When a line of the records contains "Stock", copy it.

---

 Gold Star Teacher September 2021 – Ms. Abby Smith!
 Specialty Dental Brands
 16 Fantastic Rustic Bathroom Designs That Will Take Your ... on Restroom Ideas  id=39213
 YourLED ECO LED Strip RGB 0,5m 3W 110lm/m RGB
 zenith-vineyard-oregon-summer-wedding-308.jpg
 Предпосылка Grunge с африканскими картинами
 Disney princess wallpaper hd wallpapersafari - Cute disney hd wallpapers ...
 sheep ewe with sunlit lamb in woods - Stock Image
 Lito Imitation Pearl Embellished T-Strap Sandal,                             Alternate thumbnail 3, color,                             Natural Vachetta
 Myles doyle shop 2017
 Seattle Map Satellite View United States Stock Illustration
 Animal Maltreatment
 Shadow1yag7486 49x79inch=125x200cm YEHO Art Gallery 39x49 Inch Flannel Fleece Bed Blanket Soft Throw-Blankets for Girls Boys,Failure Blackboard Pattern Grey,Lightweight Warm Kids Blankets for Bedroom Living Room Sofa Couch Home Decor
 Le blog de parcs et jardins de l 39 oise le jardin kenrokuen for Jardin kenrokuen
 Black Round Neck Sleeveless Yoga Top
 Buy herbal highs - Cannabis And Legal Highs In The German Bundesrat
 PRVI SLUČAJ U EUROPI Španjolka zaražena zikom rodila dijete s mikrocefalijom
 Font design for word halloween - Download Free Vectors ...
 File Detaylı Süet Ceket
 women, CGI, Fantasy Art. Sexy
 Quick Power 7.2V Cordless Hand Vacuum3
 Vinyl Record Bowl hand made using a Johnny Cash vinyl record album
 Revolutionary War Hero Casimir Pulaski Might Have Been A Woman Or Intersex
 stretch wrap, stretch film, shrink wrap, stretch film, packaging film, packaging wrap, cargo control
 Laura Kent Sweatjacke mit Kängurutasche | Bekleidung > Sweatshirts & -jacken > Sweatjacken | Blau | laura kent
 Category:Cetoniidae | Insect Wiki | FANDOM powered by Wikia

---

OUTPUT OF THE EXERCISE:
 sheep ewe with sunlit lamb in woods - Stock Image
 Seattle Map Satellite View United States Stock Illustration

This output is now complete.